Solomon had meteen spijt dat hij de waarheid er had uitgeflapt. In zijn memoires schreef hij: ‘Zodra ik de woorden had gesproken, schrok ik me rot. Mijn lichaam trilde en mijn knieën knikten. Ik wist nog te mompelen: “Geef me alstublieft niet aan bij de Gestapo.”’

Mevrouw Latsch kwam overeind, liep naar Solomon toe en kuste hem op het voorhoofd. Ze beloofde zijn geheim niet te verklappen.

Opnieuw had Solomon heel veel geluk gehad: hij was voor de tweede keer ontdekt, en voor de tweede keer had hij de waarheid verteld aan een Duitser die de jodenvervolging niet bleek te steunen.

De moeder van zijn vriendinnetje drukte hem op het hart dat hij niet tegen anderen uit de school moest klappen, zelfs niet tegen haar eigen dochter, want ze wist niet zeker of die wel te vertrouwen was. ‘Kinderen zijn vandaag de dag zo anders dan vroeger,’ zei ze.

Met de tram door het getto

In december 1943 miste Solomon zijn ouders zo hevig dat hij besloot in zijn kerstvakantie naar Łódz af te reizen om hen te gaan zoeken.

In zijn bruine Hitlerjugend-uniform stapte hij uit de trein en liep hij in de richting van het joodse getto, waar de nazi’s duizenden joden hadden opgesloten.

Hij dacht terug aan zijn vier gelukkige jaren in Łódz terwijl hij door de straten van de stad wandelde.

Bij de muur van het getto ging hij op een stapel puin staan om naar binnen te kunnen kijken. Wat hij zag was vreselijk: als schimmen bewogen broodmagere joden in vodden zich voort door de straten.

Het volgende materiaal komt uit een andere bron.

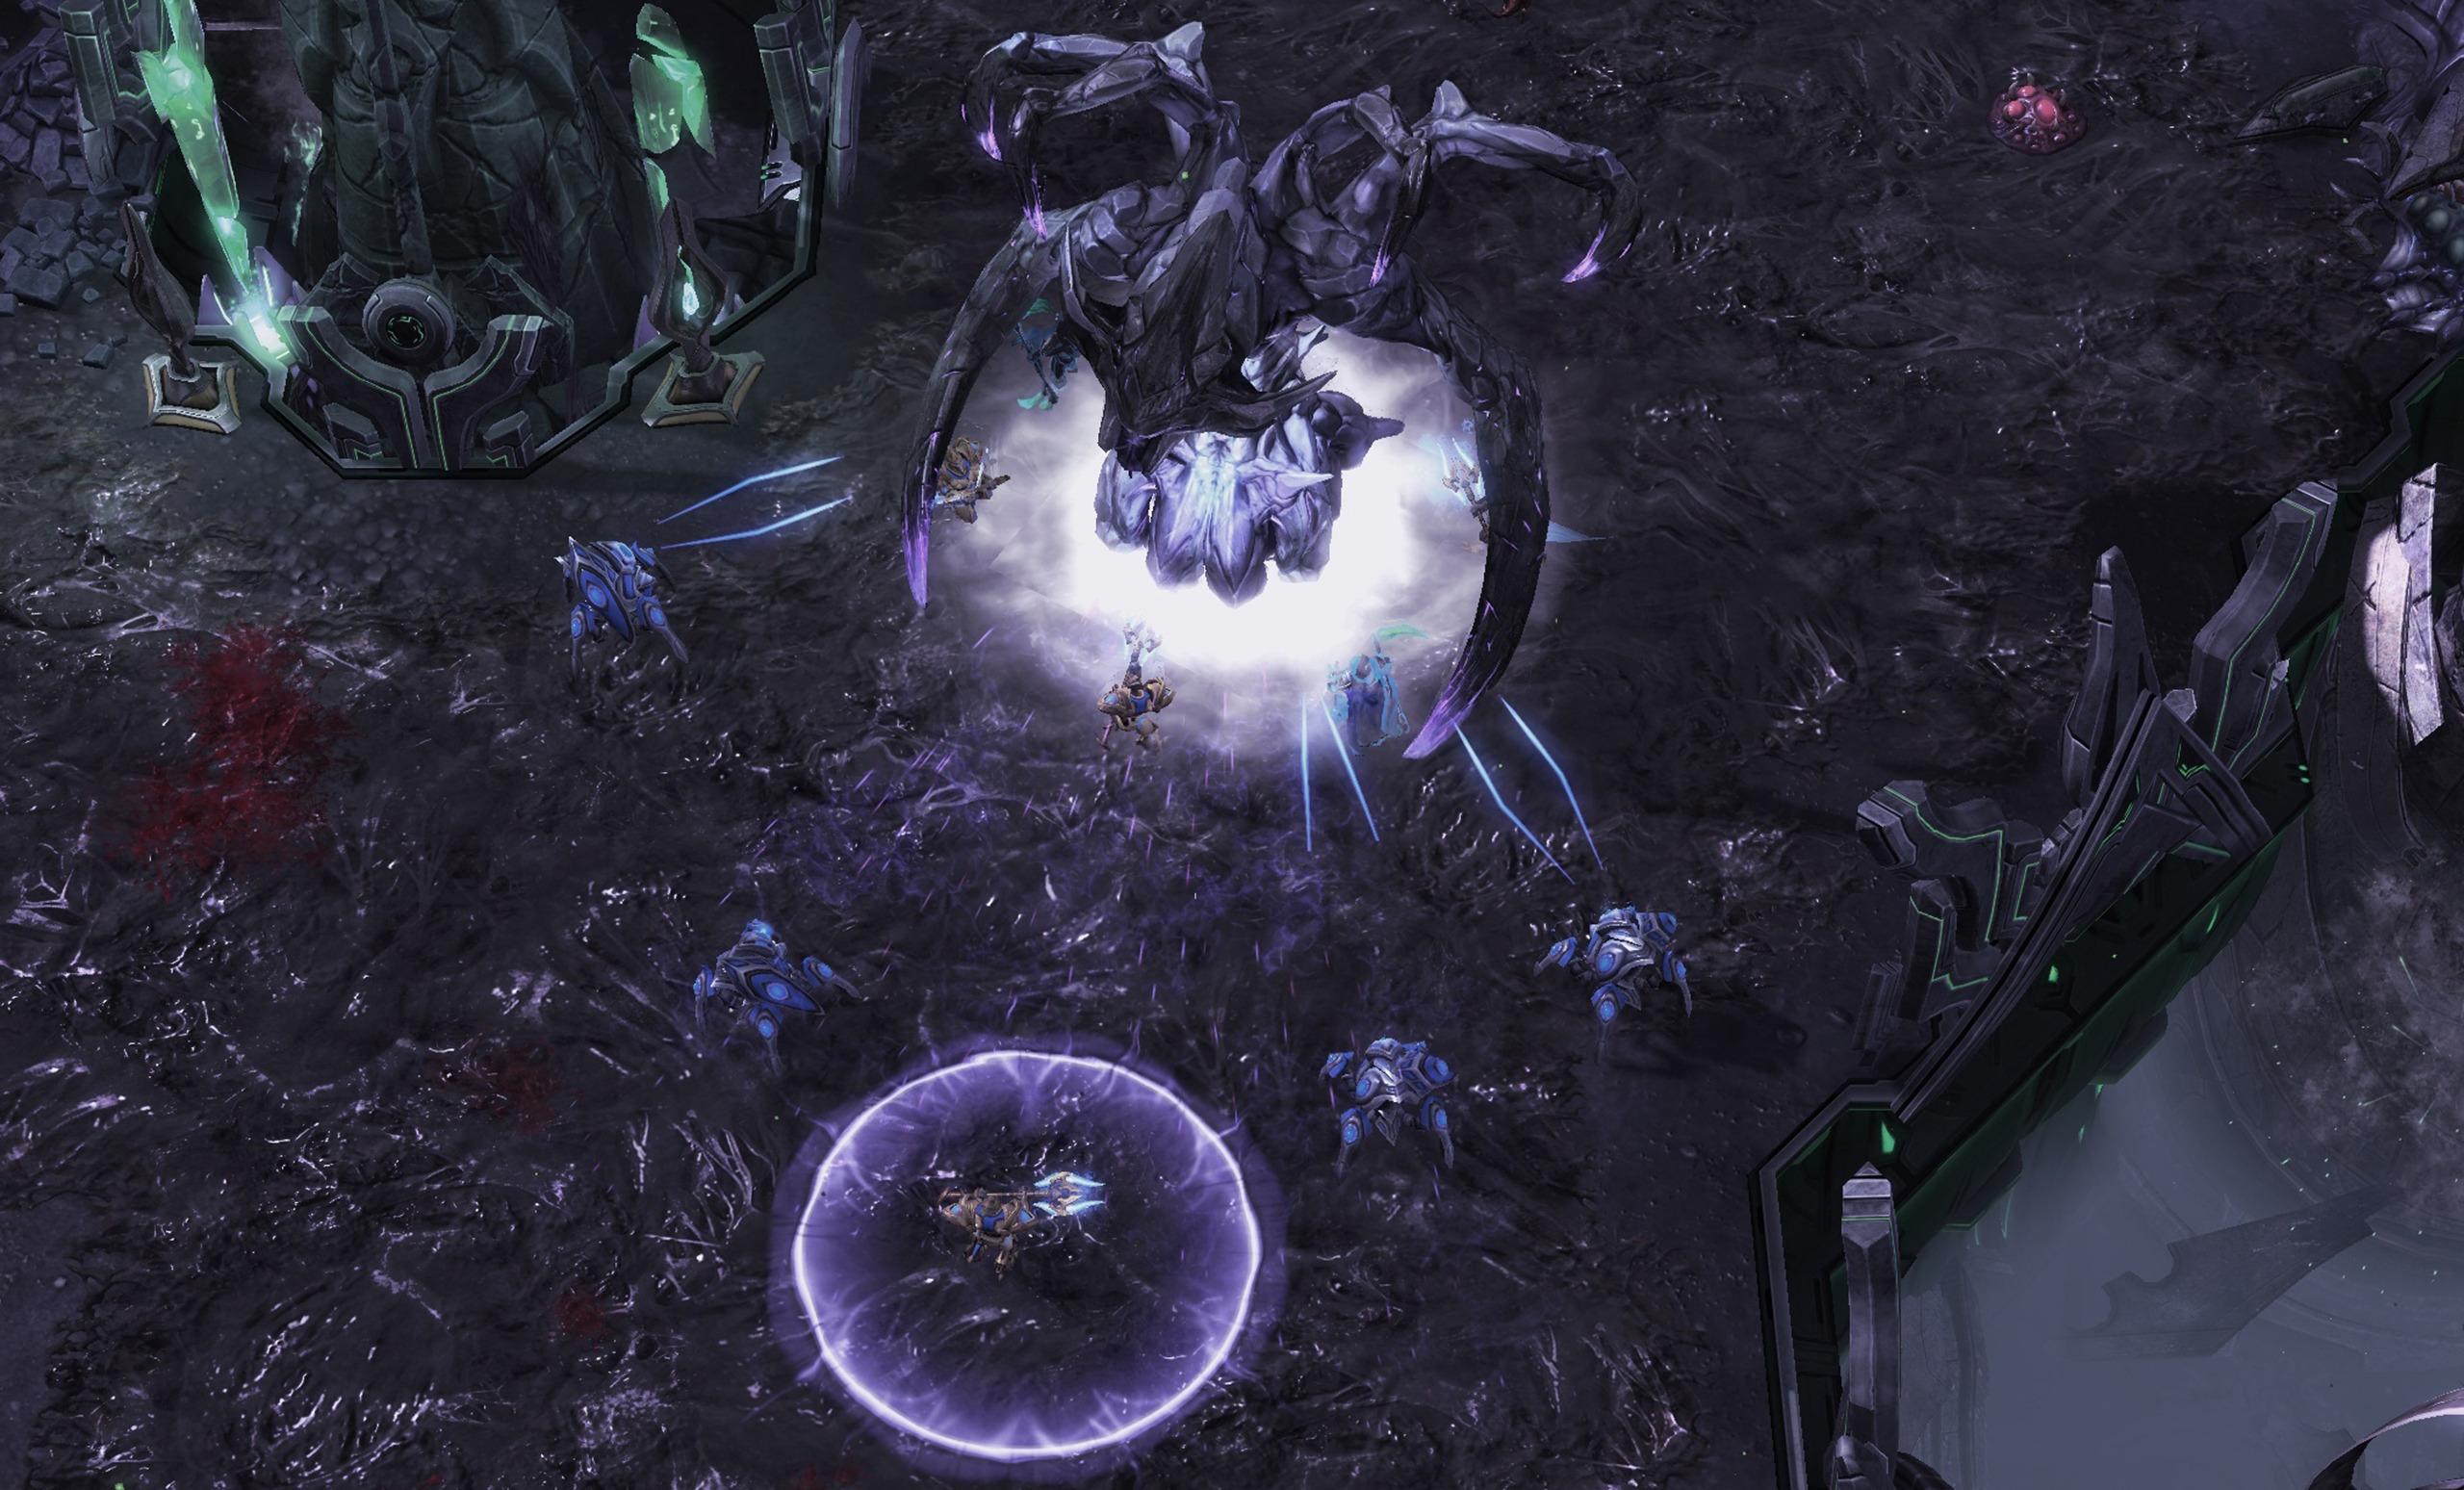 starcraft-ii-legacy-of-the-void-blizzcon-2014-shakuras-01-100529706-orig

Het leek wel alsof de wind bepaalde welke kant deze levenloze, grijze massa op ging. De tranen liepen Solomon over de wangen. Als zijn vader en moeder in deze hel zaten, moest hij hen zien te bereiken.

Om het getto van Warschau stonden hogen muren. Solomon Perels ouders zaten er gevangen tot ze door de nazi’s werden vermoord.

© Shutterstock

Solomon ging door het grote hek naar binnen en werd tegengehouden door een verblufte bewaker. Uit de davidsster op zijn hoed bleek dat hij bij de joodse politie van het getto hoorde.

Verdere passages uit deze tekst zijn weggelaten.